BLK Barbie* Project
The BLK Ken & Barbie: The Dis-Identification Performance (2014) is a unique collaboration that visually reconstructs the real stage of everyday Black men and women’s lives and places these dolls in the midst of their reality. The multi-layered element has been a part of the “BLK Ken & Barbies” series, as they are situated in everyday environmental settings of Black daily lives, juxtaposed with full coloured images merged with haute couture and polished elegance. This includes the sometimes visually dysfunctional Black and white environment/backdrop treatment – which may also include a messy and disordered home/bedroom, smoking and broken down car, local meat and grocery shops, local Caribbean restaurants or a local junk yard while looking for car parts. This concept is a direct play on W.E.B. DuBois’ theory of Double Consciousness that he developed out of the necessity for African American’s need to have controlled images of their representation while in public and in front of White folks and negotiating their own cultural and self-representation within themselves. This internal conflict and constant negotiation can be seen as a schizophrenic sickness within the individual about their actual identity and perceived identities.
This historical process will contribute to a dialogue around our colonial, post-colonial and neo-colonial identities.
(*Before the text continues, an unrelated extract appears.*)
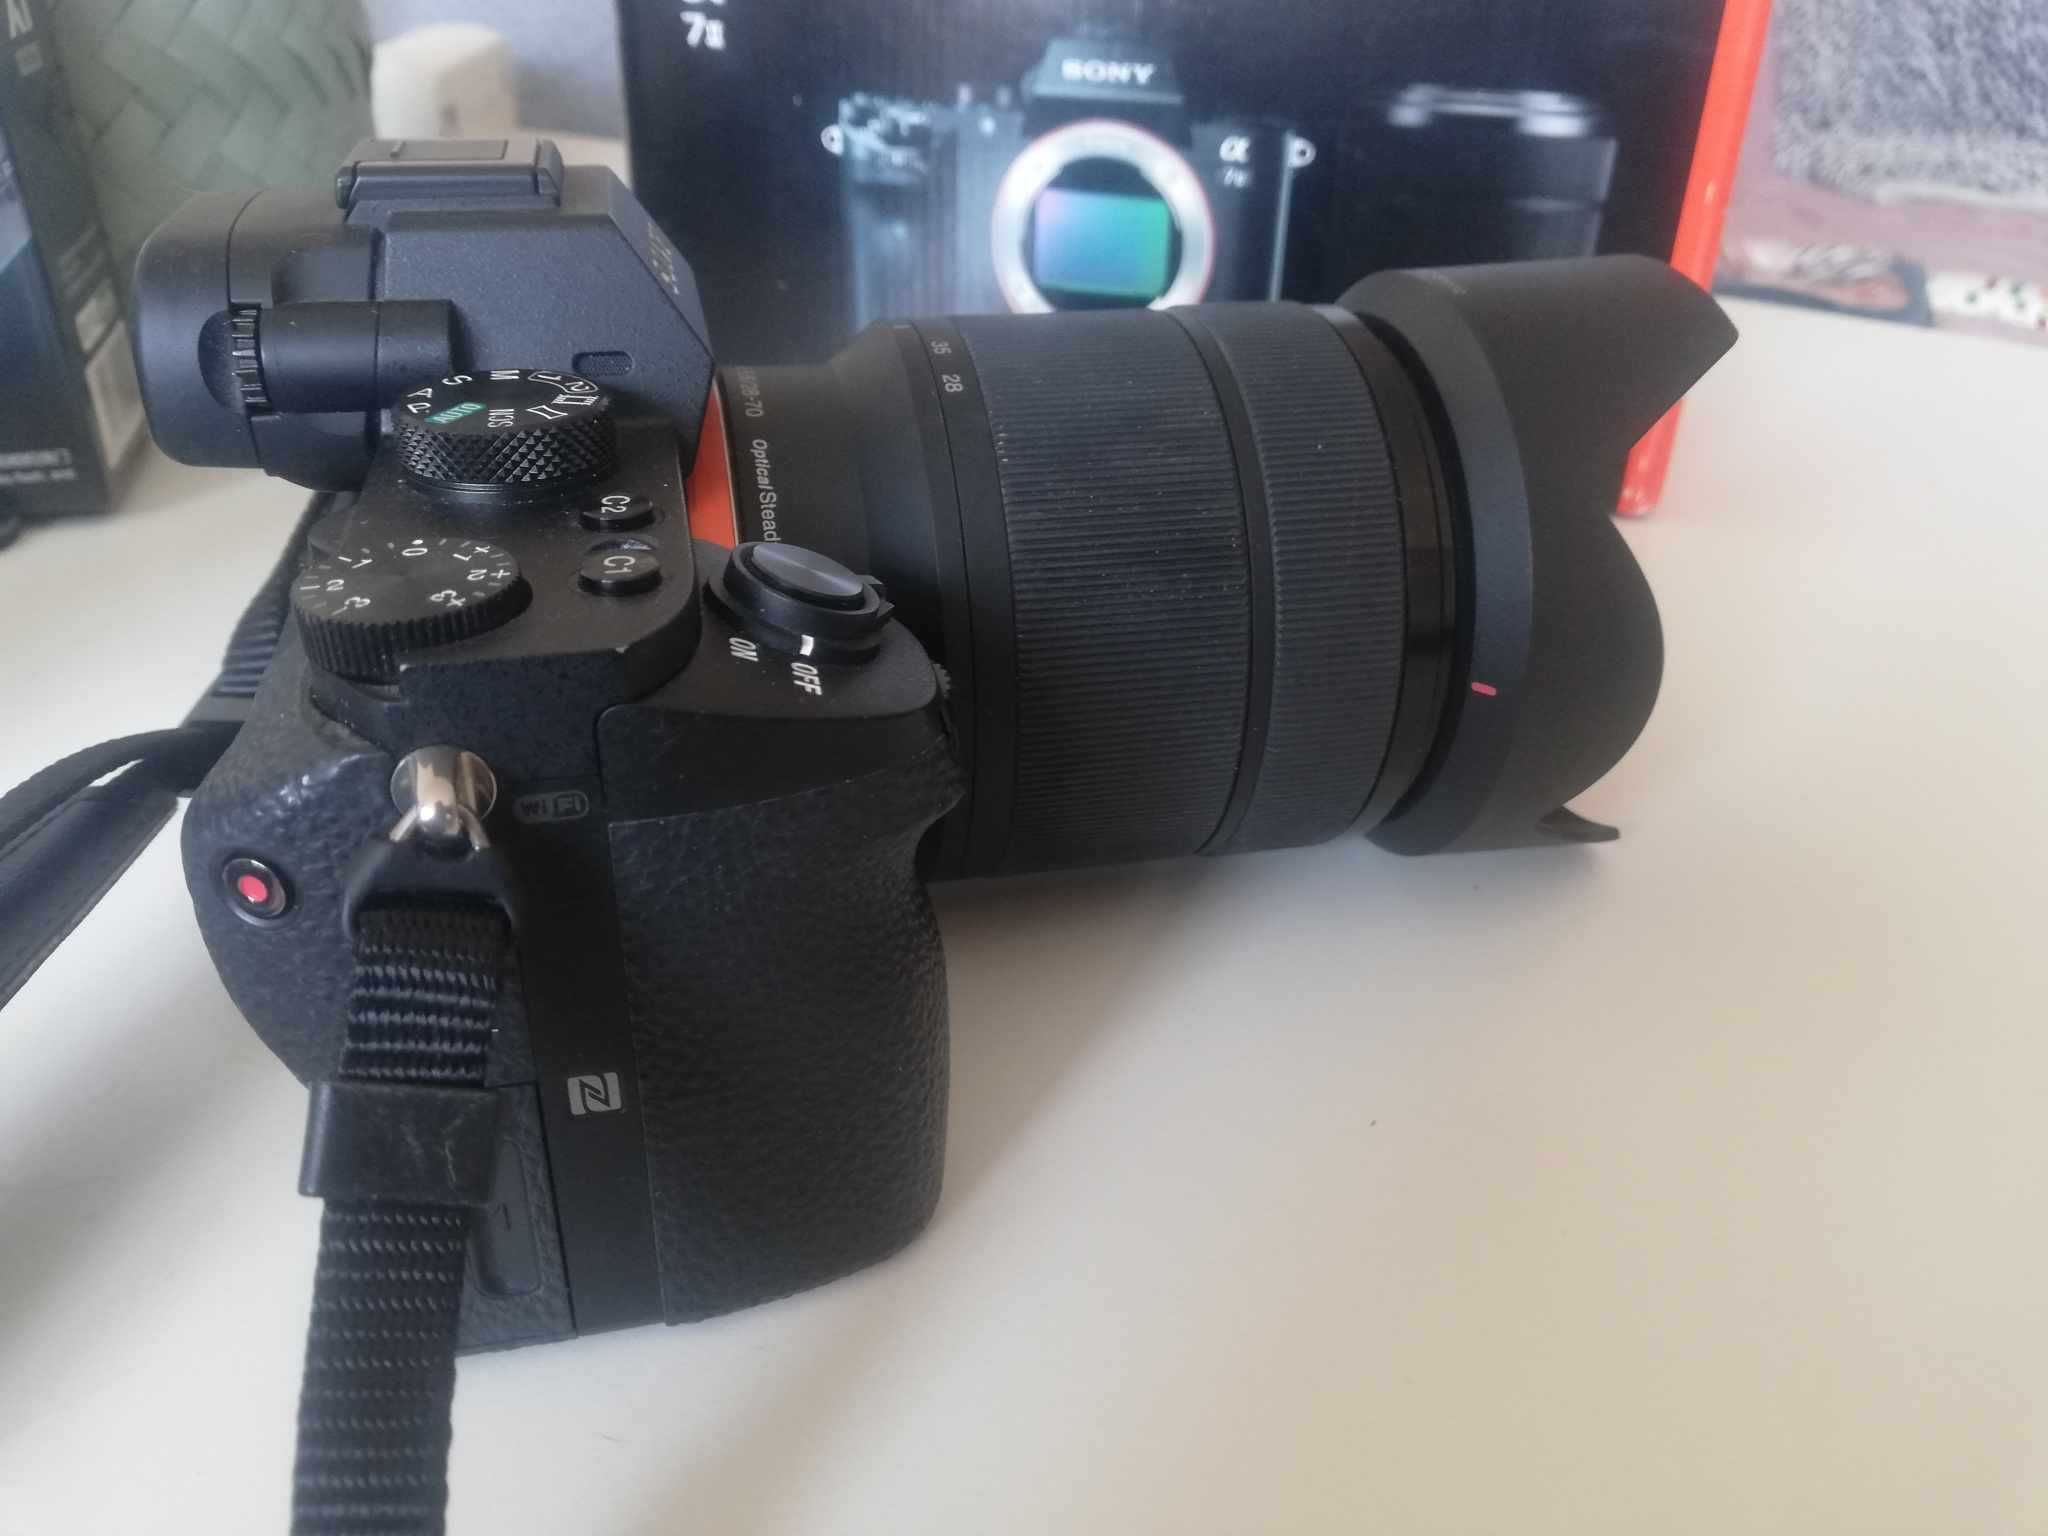 Фотоапарат Sony Alpha A7 II Kit (FE 28-70mm f/3.5-5.6 OSS)
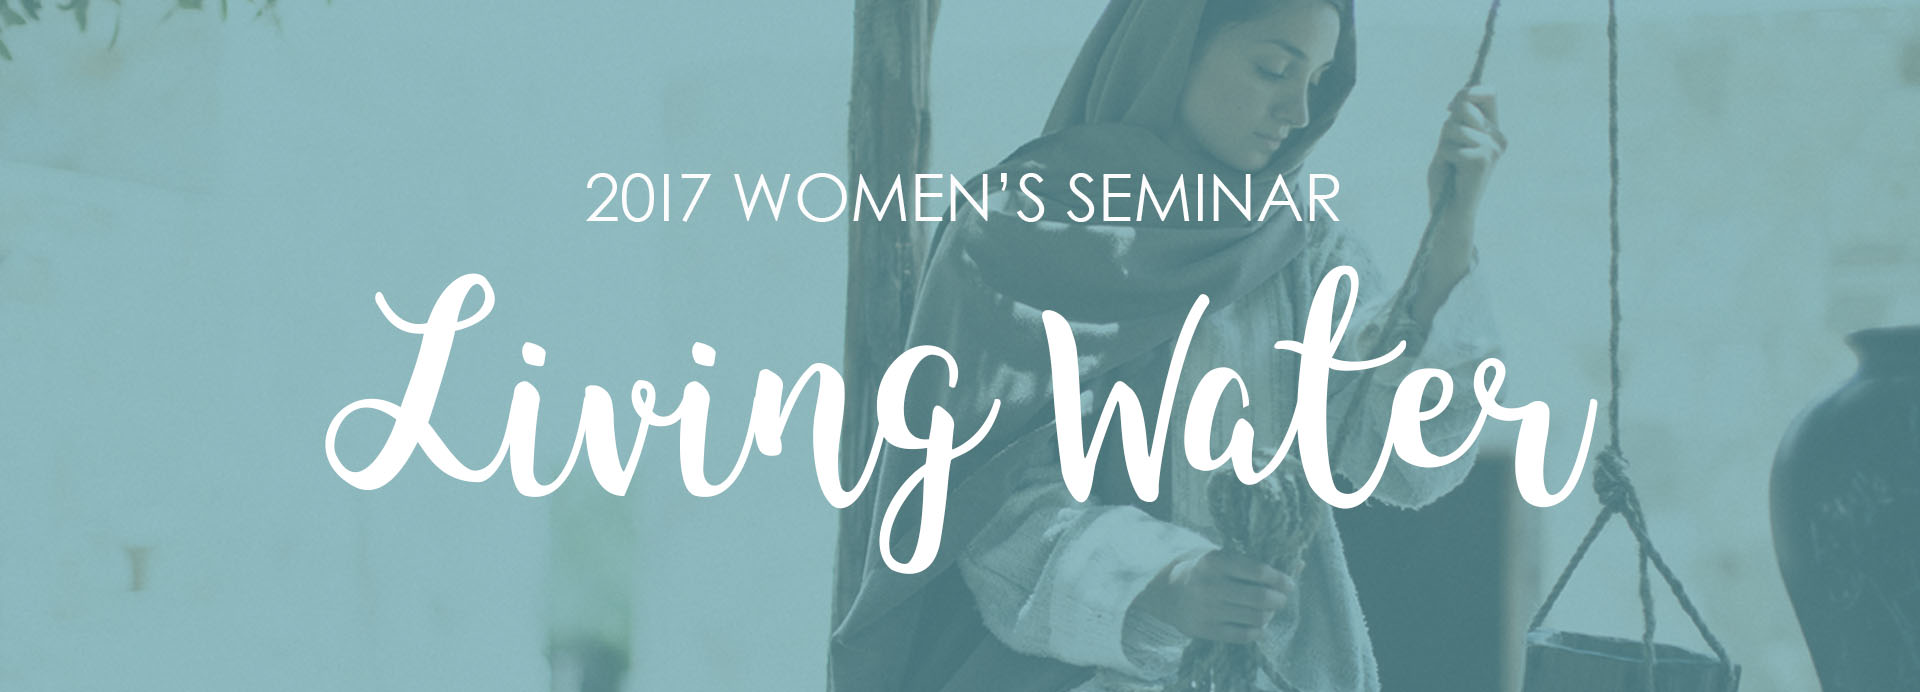 Women's Seminar 2017

This visual dialogue is pivotal to the diverse historical African-American slavery sexual scripting that academics say is at the core of popular cultures Black male and female gender identity formations (Female; Freak, Gold Digger, Diva, Jezebel, Baby Mama and Dyke; Males; Studs/Buck, Vicious criminal, Social delinquent, Petty thief, Savage African, Superior Athlete, Natural-born Musician, Perfect Entertainer, Mental Inferior).
This body of work visually explores the ways Black male and female youth/people forge their own historical consciousness and a sense of generational identity through reconstructing post-colonial Black Barbie and Ken personas. This is the symmetry of the diversely photographed posed “innocent inanimate objects” Black dolls alongside poised human images that sometimes straddle gender boundaries and actual displayed Black dolls negotiating these projected and prescribed feminine and masculine identities from their respective private and public identities.